[[ EXTRACTED INFORMATION, beginning ]]

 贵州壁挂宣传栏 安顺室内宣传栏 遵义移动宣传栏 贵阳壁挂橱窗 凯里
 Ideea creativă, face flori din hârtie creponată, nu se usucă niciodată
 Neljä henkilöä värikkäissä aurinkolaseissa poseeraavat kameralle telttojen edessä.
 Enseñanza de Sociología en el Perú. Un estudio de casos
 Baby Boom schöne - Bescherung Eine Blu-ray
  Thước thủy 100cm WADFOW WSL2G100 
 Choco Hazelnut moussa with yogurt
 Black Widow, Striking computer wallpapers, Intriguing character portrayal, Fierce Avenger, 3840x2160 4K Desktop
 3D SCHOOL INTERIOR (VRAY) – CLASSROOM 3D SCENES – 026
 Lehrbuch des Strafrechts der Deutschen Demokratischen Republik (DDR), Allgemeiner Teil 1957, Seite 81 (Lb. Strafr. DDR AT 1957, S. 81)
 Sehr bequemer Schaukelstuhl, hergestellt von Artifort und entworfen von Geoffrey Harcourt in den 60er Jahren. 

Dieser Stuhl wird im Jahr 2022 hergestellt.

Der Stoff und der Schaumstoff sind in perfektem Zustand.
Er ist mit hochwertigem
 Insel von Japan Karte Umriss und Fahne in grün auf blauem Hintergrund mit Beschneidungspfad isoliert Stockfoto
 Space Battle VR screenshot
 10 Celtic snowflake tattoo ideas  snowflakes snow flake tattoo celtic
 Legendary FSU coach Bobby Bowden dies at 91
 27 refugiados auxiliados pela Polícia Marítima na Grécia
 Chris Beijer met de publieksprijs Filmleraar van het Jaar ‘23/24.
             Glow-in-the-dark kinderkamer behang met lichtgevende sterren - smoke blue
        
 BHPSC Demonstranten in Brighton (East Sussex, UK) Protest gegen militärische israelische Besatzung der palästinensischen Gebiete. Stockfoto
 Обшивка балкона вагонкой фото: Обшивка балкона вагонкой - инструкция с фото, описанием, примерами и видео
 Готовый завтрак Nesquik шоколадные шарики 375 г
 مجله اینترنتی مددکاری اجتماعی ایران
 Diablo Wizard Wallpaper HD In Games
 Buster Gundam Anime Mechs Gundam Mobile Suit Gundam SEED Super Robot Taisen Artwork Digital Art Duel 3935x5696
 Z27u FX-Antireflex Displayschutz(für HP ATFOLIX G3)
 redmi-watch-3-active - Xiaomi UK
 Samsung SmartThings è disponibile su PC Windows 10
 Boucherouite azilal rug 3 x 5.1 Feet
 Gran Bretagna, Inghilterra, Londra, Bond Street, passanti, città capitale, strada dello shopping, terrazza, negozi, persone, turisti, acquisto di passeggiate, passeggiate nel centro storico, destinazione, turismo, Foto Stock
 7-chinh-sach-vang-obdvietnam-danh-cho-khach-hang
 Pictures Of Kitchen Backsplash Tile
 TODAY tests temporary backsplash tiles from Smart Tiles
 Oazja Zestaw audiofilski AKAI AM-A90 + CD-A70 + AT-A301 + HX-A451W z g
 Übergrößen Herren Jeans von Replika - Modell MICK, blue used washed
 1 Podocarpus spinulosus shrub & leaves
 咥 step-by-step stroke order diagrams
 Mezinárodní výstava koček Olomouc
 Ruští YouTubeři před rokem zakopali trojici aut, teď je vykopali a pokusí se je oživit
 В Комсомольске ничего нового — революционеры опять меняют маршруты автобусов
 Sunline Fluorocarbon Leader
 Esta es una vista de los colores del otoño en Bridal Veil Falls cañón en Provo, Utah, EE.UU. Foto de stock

[[ EXTRACTED INFORMATION, end ]]

> _ASSIGNED TASK_
Starting at the line above that contains "Baby Boom schöne - Bescherung Eine Blu-ray", write out each line exactly until the line that contains "1 Podocarpus spinulosus shrub & leaves" has been written, and stop there.

> _WRITTEN RESPONSE_
 Baby Boom schöne - Bescherung Eine Blu-ray
  Thước thủy 100cm WADFOW WSL2G100 
 Choco Hazelnut moussa with yogurt
 Black Widow, Striking computer wallpapers, Intriguing character portrayal, Fierce Avenger, 3840x2160 4K Desktop
 3D SCHOOL INTERIOR (VRAY) – CLASSROOM 3D SCENES – 026
 Lehrbuch des Strafrechts der Deutschen Demokratischen Republik (DDR), Allgemeiner Teil 1957, Seite 81 (Lb. Strafr. DDR AT 1957, S. 81)
 Sehr bequemer Schaukelstuhl, hergestellt von Artifort und entworfen von Geoffrey Harcourt in den 60er Jahren. 

Dieser Stuhl wird im Jahr 2022 hergestellt.

Der Stoff und der Schaumstoff sind in perfektem Zustand.
Er ist mit hochwertigem
 Insel von Japan Karte Umriss und Fahne in grün auf blauem Hintergrund mit Beschneidungspfad isoliert Stockfoto
 Space Battle VR screenshot
 10 Celtic snowflake tattoo ideas  snowflakes snow flake tattoo celtic
 Legendary FSU coach Bobby Bowden dies at 91
 27 refugiados auxiliados pela Polícia Marítima na Grécia
 Chris Beijer met de publieksprijs Filmleraar van het Jaar ‘23/24.
             Glow-in-the-dark kinderkamer behang met lichtgevende sterren - smoke blue
        
 BHPSC Demonstranten in Brighton (East Sussex, UK) Protest gegen militärische israelische Besatzung der palästinensischen Gebiete. Stockfoto
 Обшивка балкона вагонкой фото: Обшивка балкона вагонкой - инструкция с фото, описанием, примерами и видео
 Готовый завтрак Nesquik шоколадные шарики 375 г
 مجله اینترنتی مددکاری اجتماعی ایران
 Diablo Wizard Wallpaper HD In Games
 Buster Gundam Anime Mechs Gundam Mobile Suit Gundam SEED Super Robot Taisen Artwork Digital Art Duel 3935x5696
 Z27u FX-Antireflex Displayschutz(für HP ATFOLIX G3)
 redmi-watch-3-active - Xiaomi UK
 Samsung SmartThings è disponibile su PC Windows 10
 Boucherouite azilal rug 3 x 5.1 Feet
 Gran Bretagna, Inghilterra, Londra, Bond Street, passanti, città capitale, strada dello shopping, terrazza, negozi, persone, turisti, acquisto di passeggiate, passeggiate nel centro storico, destinazione, turismo, Foto Stock
 7-chinh-sach-vang-obdvietnam-danh-cho-khach-hang
 Pictures Of Kitchen Backsplash Tile
 TODAY tests temporary backsplash tiles from Smart Tiles
 Oazja Zestaw audiofilski AKAI AM-A90 + CD-A70 + AT-A301 + HX-A451W z g
 Übergrößen Herren Jeans von Replika - Modell MICK, blue used washed
 1 Podocarpus spinulosus shrub & leaves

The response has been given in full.